DATA TO PROCESS:
_ _ _ _
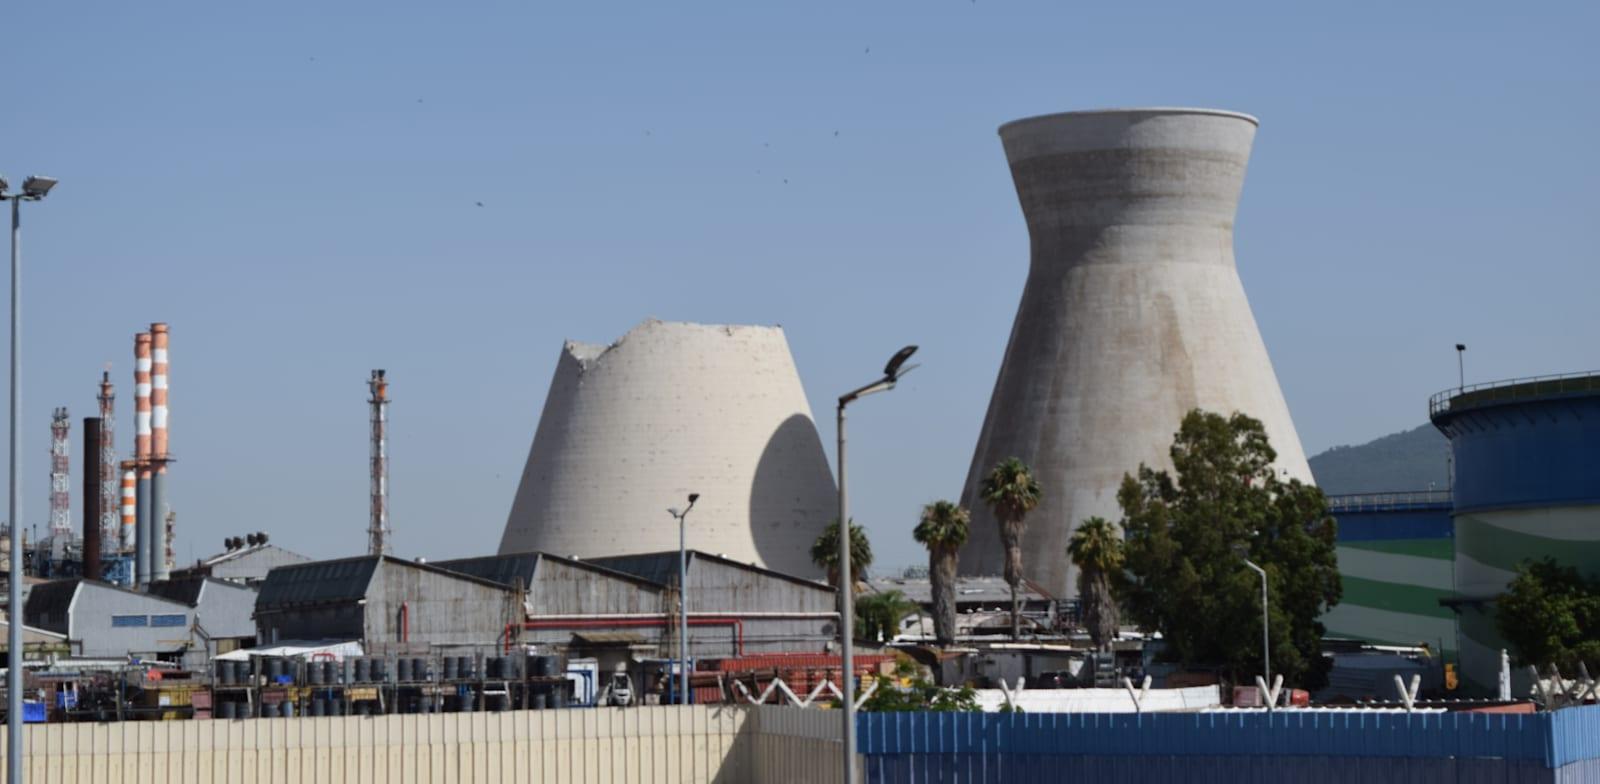 בתי הזיקוק של בזן במפרץ חיפה / צילום: בר - אל
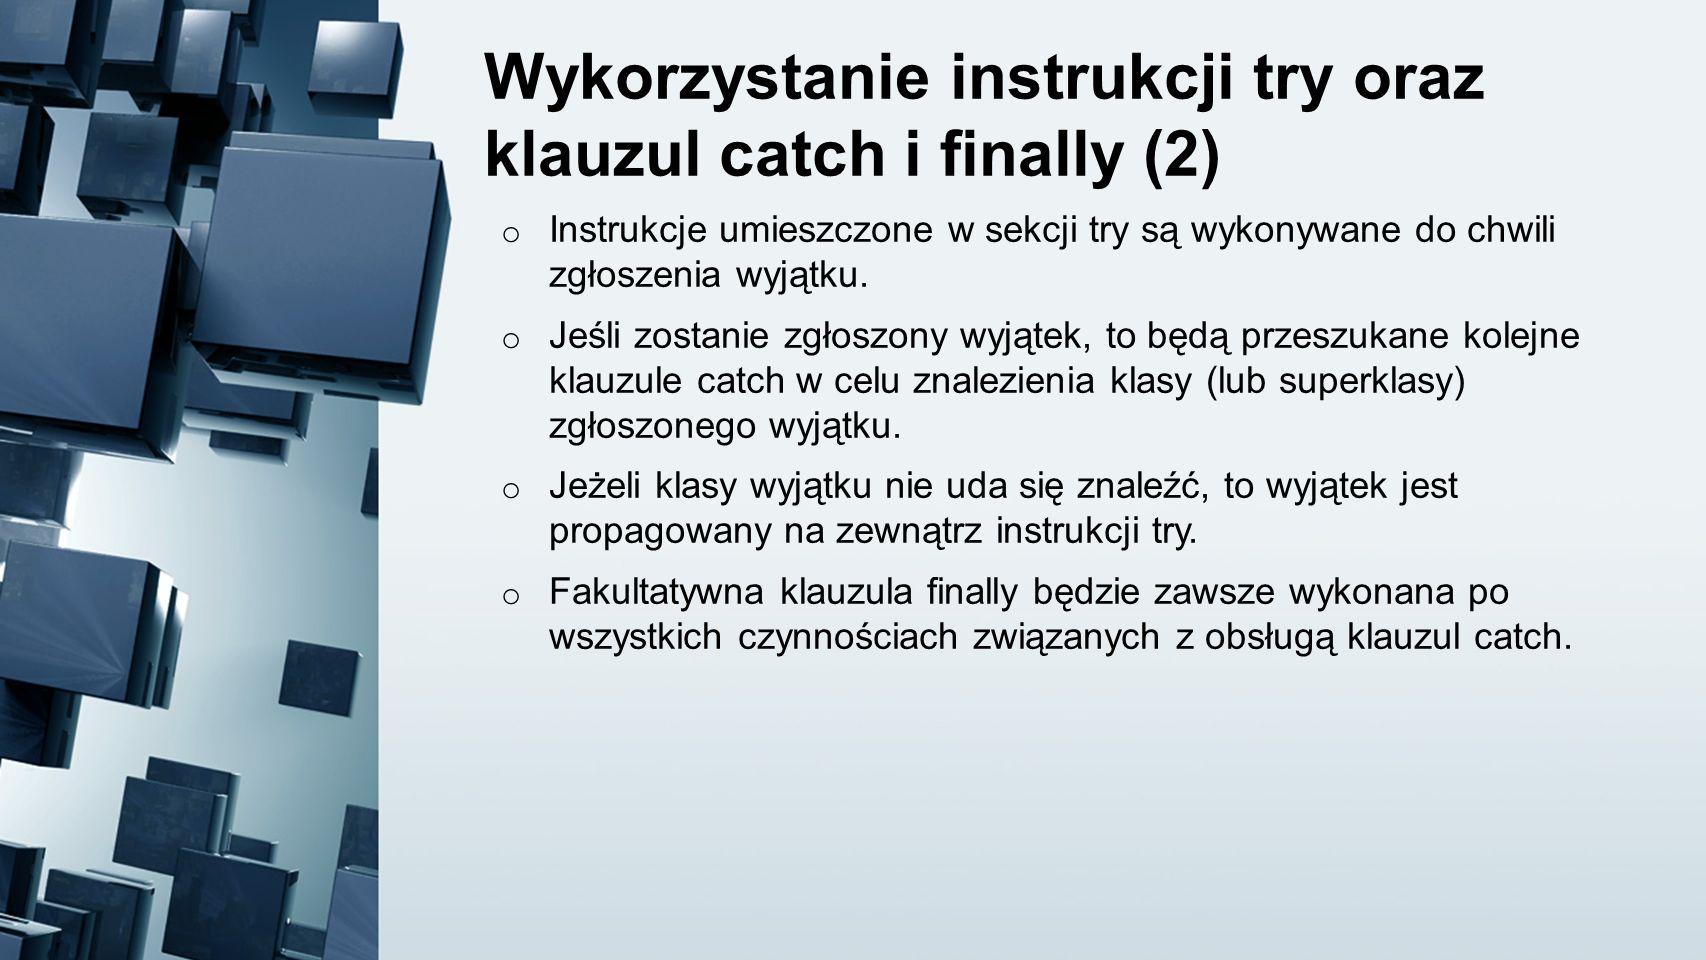 Wykorzystanie instrukcji try oraz klauzul catch i finally (2) o Instrukcje umieszczone w sekcji try są wykonywane do chwili zgłoszenia wyjątku. o Jeśl
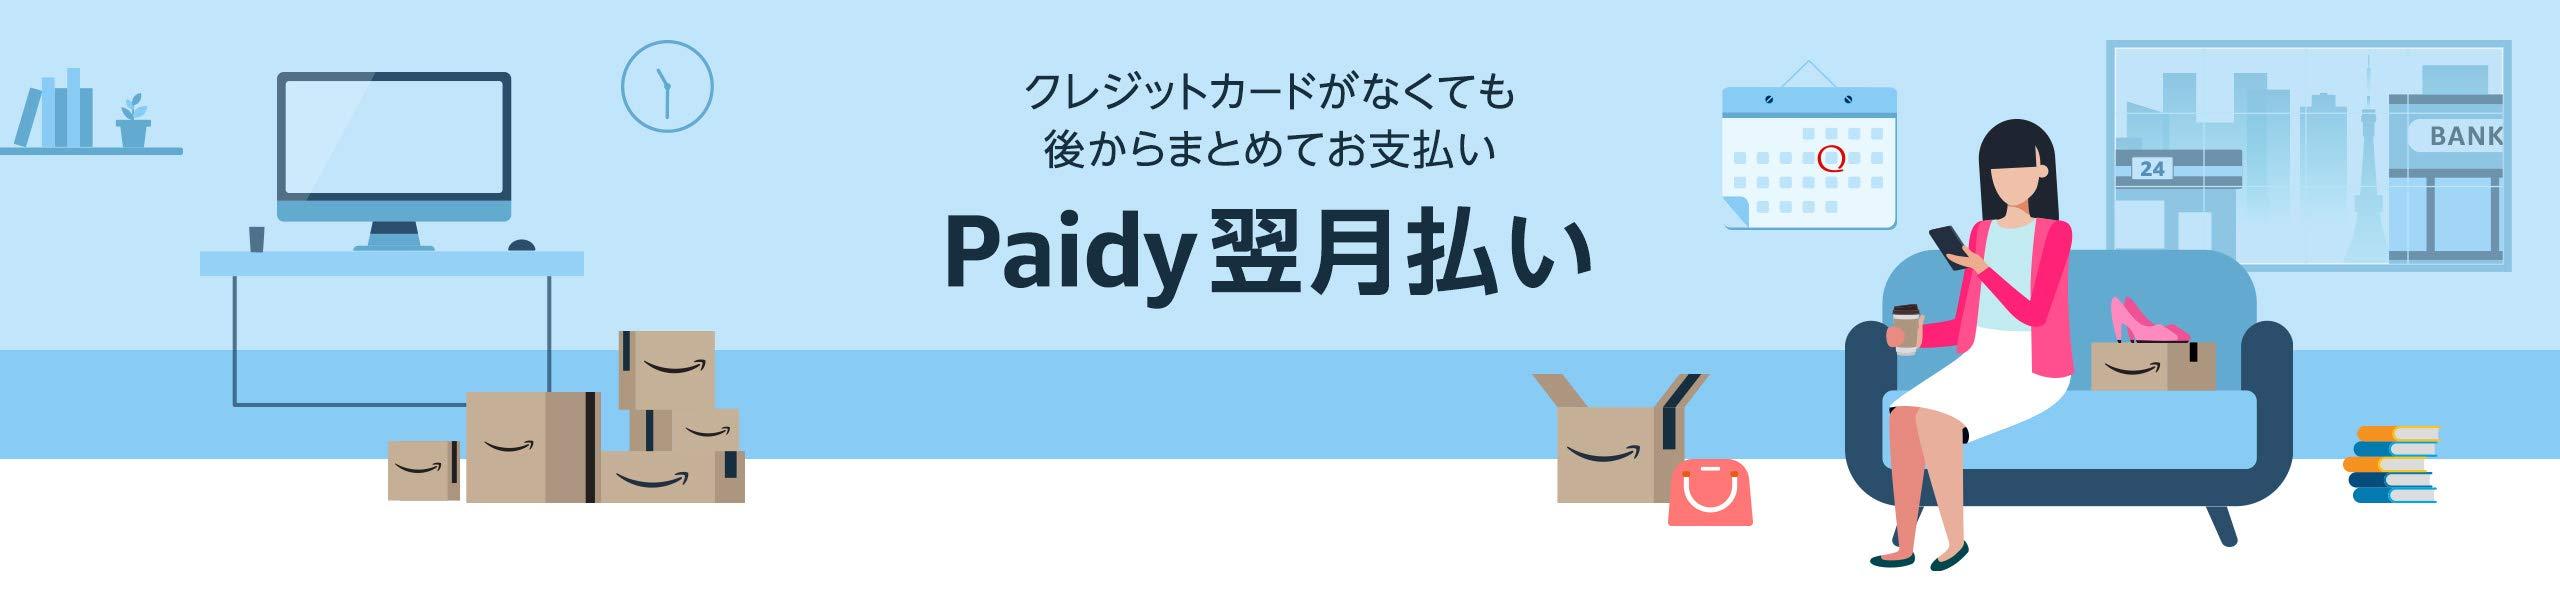 翌月 払い paidy
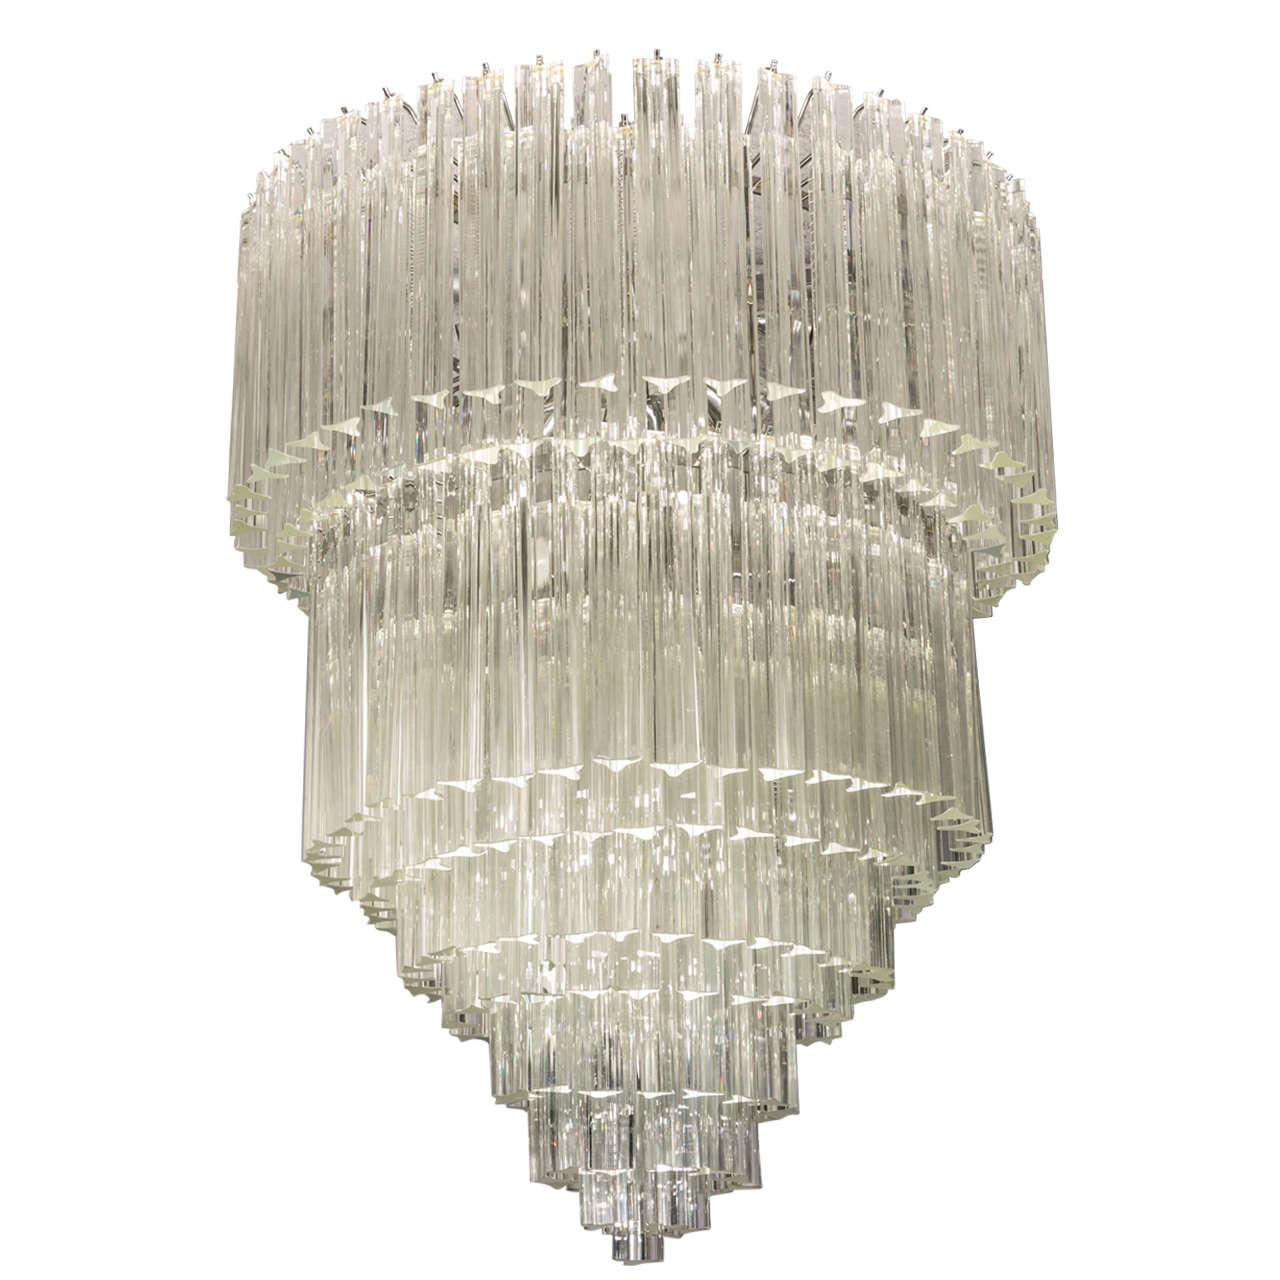 Murano venini chandelier at 1stdibs murano venini chandelier for sale arubaitofo Gallery
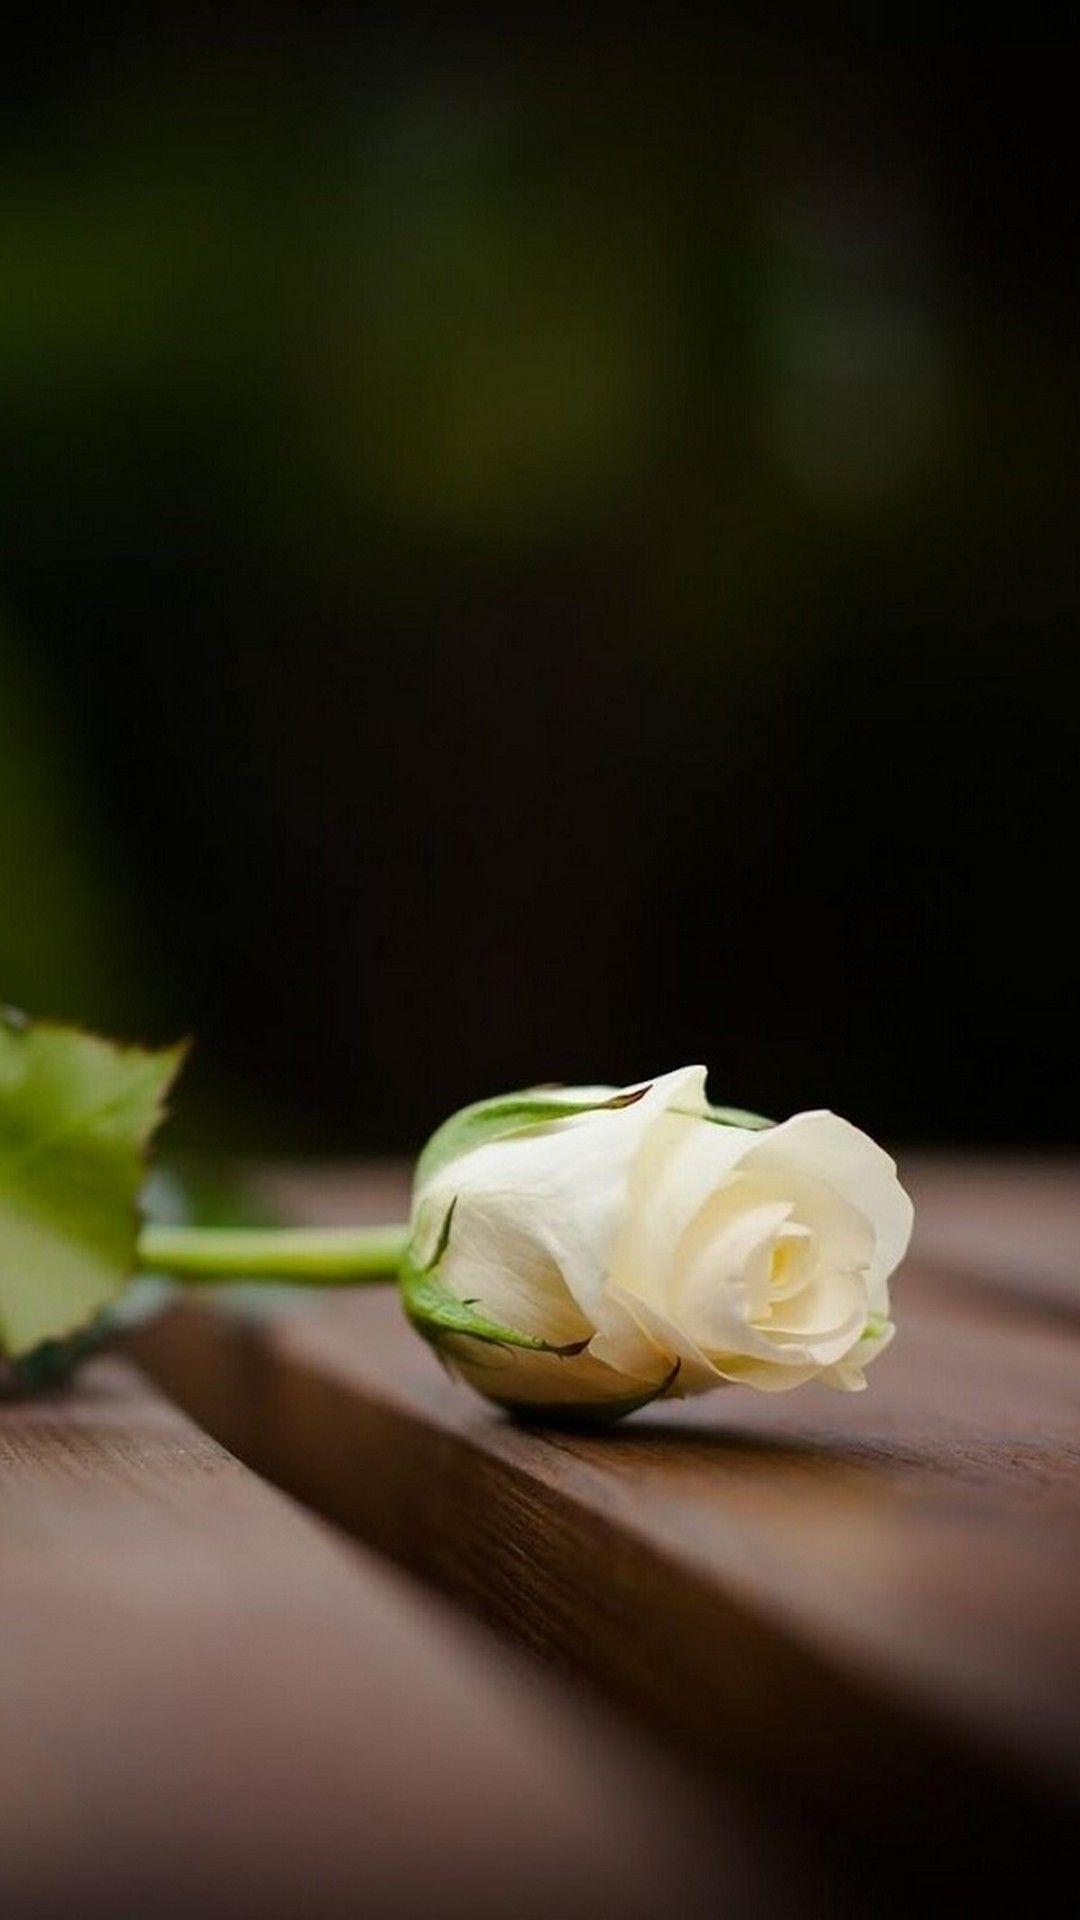 White Flower Mobile Wallpaper Hd Best Hd Wallpapers White Roses Wallpaper Rose Flower Wallpaper Beautiful Flowers Wallpapers
_ _ _ _
WHAT YOU NEED TO DO: It would help to have the listing above repeated exactly, with all images removed.

EXERCISE OUTPUT:
 בתי הזיקוק של בזן במפרץ חיפה / צילום: בר - אל
 Wykorzystanie instrukcji try oraz klauzul catch i finally (2) o Instrukcje umieszczone w sekcji try są wykonywane do chwili zgłoszenia wyjątku. o Jeśl
 翌月 払い paidy
 Murano venini chandelier at 1stdibs murano venini chandelier for sale arubaitofo Gallery
 White Flower Mobile Wallpaper Hd Best Hd Wallpapers White Roses Wallpaper Rose Flower Wallpaper Beautiful Flowers Wallpapers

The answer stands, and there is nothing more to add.